#### GIVEN DATA
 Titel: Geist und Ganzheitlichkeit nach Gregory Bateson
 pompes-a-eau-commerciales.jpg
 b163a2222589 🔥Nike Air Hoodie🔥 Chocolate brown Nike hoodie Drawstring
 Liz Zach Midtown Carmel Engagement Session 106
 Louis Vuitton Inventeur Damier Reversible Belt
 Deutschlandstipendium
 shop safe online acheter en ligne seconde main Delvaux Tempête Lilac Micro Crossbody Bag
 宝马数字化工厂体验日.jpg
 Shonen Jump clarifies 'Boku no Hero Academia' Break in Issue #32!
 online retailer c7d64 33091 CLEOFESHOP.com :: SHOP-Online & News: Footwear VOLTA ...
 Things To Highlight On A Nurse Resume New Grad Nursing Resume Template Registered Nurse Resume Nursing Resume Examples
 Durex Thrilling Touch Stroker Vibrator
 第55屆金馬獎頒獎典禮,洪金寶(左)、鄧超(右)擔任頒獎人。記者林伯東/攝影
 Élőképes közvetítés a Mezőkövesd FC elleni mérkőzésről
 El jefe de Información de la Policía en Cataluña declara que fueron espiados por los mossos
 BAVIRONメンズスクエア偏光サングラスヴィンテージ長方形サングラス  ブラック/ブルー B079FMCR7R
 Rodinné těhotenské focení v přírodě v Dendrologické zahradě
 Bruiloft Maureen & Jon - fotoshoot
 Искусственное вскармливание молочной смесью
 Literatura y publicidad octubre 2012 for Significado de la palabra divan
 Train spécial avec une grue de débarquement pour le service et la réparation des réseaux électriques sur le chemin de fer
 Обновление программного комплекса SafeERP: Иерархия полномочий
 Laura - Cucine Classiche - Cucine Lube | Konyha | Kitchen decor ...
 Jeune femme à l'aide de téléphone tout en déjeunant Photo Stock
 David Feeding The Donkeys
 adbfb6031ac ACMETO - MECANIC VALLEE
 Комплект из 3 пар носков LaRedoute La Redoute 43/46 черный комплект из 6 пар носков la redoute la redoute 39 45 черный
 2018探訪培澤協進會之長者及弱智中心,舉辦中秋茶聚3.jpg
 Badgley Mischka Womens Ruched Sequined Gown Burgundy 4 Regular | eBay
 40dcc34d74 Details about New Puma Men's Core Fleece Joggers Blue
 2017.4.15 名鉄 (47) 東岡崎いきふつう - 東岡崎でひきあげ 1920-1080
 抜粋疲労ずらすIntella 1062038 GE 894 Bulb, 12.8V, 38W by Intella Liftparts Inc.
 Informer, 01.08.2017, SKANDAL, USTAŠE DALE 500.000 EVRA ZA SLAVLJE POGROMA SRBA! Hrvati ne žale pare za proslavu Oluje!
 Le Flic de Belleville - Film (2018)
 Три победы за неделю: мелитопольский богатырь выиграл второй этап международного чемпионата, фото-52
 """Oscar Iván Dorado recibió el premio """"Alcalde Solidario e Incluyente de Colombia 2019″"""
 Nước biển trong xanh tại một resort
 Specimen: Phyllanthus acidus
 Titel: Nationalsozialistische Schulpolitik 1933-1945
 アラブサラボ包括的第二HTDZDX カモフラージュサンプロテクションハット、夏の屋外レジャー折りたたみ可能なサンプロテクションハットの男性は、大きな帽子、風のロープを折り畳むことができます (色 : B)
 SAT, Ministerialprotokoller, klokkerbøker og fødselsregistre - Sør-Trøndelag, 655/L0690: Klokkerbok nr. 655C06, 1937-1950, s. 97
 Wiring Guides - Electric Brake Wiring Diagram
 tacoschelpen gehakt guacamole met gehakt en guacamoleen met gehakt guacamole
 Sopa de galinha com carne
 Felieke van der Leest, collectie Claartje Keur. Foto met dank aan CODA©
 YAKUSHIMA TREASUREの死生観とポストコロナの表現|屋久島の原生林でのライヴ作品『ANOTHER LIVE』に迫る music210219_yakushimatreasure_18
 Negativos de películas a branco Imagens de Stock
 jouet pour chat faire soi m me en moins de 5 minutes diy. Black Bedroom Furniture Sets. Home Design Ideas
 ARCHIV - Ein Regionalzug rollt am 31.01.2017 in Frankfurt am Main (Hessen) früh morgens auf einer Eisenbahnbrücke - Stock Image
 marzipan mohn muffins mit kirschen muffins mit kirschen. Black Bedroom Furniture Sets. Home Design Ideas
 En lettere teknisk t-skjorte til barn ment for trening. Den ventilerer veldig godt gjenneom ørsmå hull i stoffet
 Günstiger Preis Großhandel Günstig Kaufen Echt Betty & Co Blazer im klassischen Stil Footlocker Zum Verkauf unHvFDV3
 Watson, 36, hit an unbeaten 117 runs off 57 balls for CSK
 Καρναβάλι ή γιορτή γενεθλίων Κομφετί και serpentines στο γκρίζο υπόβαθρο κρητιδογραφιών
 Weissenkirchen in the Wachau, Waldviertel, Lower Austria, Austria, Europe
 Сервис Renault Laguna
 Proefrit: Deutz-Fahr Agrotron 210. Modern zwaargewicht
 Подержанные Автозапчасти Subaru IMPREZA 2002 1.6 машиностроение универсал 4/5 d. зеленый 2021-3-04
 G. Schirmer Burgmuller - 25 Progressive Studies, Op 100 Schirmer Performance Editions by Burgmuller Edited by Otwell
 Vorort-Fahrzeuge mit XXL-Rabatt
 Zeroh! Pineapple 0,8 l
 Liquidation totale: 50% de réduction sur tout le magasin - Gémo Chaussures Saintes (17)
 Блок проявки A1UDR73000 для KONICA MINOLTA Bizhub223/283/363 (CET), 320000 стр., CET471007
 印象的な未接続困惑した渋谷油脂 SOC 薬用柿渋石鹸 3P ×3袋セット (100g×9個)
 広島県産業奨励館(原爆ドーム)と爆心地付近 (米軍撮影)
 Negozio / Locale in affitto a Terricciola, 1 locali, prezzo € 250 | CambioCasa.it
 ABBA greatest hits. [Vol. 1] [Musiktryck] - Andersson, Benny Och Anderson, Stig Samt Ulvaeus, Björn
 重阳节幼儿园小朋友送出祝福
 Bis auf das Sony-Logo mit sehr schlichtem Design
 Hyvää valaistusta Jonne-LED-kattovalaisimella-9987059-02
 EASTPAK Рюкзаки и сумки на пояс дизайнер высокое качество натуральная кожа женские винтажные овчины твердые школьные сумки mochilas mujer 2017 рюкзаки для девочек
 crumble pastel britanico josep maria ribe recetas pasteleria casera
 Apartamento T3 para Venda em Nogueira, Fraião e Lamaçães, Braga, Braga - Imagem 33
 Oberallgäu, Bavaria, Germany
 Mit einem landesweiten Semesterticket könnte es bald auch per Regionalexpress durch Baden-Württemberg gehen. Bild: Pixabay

#### TASK DESCRIPTION
Only lines holding the word "Black" are wanted here; copy each from the listing.

#### ANSWER FOR THIS EXERCISE
 jouet pour chat faire soi m me en moins de 5 minutes diy. Black Bedroom Furniture Sets. Home Design Ideas
 marzipan mohn muffins mit kirschen muffins mit kirschen. Black Bedroom Furniture Sets. Home Design Ideas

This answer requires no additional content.